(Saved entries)
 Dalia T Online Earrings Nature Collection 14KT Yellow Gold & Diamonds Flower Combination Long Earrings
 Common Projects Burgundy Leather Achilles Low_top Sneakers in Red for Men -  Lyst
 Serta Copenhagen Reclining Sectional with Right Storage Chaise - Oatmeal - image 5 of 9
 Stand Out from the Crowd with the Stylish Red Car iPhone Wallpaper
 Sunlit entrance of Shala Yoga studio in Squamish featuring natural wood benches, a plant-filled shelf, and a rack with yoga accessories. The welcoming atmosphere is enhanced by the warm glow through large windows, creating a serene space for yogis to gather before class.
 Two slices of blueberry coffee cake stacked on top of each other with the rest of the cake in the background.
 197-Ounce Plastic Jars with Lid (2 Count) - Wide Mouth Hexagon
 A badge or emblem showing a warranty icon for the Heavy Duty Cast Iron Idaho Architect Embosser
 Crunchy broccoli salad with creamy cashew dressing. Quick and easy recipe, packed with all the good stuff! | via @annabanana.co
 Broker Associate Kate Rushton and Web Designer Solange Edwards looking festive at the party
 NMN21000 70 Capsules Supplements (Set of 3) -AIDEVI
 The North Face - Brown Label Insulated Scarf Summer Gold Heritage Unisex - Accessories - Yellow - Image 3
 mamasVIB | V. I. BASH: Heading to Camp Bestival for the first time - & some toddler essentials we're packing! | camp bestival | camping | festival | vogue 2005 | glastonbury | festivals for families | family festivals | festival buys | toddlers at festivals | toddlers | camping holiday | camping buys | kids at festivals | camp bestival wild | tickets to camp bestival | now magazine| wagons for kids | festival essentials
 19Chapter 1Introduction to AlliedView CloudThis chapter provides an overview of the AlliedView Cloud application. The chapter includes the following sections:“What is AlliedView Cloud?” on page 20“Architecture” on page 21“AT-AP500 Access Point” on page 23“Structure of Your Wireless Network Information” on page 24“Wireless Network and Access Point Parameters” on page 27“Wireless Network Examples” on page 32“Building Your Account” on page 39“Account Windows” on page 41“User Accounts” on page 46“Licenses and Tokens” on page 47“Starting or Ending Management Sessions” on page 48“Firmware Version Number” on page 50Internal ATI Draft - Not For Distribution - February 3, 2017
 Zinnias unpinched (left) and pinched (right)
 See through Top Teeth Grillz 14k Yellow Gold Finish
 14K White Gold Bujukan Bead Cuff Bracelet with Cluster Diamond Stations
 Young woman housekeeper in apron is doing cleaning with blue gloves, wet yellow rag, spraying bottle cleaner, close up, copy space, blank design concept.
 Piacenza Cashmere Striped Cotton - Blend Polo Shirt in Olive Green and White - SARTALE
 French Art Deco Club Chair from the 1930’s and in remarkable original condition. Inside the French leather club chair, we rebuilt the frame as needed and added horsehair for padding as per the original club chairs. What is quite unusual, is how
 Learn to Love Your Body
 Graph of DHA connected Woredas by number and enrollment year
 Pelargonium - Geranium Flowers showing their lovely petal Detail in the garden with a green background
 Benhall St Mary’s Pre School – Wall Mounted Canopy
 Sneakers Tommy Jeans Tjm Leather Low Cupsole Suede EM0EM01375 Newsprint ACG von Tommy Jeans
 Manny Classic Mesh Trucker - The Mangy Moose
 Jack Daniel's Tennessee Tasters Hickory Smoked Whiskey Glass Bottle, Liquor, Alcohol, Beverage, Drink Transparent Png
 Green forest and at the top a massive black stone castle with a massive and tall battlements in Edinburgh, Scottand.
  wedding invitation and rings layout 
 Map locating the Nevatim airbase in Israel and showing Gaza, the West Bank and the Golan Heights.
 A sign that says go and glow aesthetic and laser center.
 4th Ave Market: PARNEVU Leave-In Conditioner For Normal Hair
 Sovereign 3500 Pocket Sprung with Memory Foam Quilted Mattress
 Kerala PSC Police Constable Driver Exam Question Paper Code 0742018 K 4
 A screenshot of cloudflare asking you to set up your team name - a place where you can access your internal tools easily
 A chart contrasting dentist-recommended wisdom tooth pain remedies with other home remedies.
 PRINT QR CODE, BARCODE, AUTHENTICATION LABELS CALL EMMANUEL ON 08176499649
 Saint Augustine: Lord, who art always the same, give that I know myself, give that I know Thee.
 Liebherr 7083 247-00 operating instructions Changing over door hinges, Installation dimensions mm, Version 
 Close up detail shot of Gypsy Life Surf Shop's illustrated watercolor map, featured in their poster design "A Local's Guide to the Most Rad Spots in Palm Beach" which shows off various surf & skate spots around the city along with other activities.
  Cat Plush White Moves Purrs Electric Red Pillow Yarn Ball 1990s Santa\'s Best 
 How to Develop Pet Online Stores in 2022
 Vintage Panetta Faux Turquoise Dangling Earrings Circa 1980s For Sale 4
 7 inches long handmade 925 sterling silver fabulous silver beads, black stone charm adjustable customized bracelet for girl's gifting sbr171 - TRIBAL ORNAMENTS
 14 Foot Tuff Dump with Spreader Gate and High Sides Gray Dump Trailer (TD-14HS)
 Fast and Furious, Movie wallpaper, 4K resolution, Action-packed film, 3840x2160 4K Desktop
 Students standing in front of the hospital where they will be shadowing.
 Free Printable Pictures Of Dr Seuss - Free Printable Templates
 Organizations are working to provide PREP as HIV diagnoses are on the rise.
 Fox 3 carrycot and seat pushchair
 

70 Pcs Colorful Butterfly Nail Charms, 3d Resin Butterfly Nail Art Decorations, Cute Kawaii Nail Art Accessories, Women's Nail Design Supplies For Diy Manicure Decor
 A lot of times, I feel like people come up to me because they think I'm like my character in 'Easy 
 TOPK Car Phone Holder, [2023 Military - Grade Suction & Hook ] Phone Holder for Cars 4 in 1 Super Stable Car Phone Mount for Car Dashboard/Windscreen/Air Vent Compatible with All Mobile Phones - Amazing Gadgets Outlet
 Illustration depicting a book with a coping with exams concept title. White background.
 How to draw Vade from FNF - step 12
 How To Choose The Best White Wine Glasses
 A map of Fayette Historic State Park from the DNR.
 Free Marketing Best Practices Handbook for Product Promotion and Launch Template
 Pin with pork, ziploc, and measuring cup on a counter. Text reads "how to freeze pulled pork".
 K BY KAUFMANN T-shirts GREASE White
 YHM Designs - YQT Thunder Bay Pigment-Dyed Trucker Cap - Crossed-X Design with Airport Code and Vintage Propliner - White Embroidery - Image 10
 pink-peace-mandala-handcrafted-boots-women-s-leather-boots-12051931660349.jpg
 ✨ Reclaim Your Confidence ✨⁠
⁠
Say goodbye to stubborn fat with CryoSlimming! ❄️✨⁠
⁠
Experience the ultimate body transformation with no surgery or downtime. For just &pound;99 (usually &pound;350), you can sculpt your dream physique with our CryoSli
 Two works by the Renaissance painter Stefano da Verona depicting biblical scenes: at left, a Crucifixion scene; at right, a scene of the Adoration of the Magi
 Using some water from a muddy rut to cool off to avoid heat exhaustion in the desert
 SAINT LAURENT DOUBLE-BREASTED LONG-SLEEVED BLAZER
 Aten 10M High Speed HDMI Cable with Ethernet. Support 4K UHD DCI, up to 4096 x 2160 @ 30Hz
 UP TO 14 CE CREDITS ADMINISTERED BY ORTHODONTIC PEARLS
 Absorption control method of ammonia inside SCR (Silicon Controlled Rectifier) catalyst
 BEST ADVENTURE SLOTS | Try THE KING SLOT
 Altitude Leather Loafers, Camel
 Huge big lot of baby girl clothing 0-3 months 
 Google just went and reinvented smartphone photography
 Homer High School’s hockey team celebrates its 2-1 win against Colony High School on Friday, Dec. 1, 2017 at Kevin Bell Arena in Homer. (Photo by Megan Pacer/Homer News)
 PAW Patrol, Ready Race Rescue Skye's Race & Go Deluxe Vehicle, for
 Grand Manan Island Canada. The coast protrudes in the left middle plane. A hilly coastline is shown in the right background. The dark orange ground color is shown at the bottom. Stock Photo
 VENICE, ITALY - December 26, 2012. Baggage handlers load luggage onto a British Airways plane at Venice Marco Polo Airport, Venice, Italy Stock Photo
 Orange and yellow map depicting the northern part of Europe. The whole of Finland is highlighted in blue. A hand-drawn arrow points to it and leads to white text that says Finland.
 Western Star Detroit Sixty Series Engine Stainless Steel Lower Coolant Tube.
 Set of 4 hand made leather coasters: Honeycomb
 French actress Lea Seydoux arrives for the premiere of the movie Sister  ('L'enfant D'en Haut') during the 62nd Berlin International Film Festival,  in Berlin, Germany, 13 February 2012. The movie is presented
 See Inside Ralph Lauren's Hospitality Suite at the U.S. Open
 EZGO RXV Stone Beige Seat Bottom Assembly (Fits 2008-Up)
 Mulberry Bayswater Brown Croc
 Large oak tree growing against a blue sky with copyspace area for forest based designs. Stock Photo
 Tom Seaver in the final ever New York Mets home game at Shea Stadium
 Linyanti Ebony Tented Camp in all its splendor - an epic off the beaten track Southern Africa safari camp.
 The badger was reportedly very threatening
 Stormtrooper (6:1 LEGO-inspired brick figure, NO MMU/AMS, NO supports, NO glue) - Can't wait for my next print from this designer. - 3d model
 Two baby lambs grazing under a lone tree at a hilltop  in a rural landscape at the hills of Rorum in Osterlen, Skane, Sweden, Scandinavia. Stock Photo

### How to complete this task
Look over the records above and say how many lines hold the word "Polo", giving the number alone.

### Output of the task
2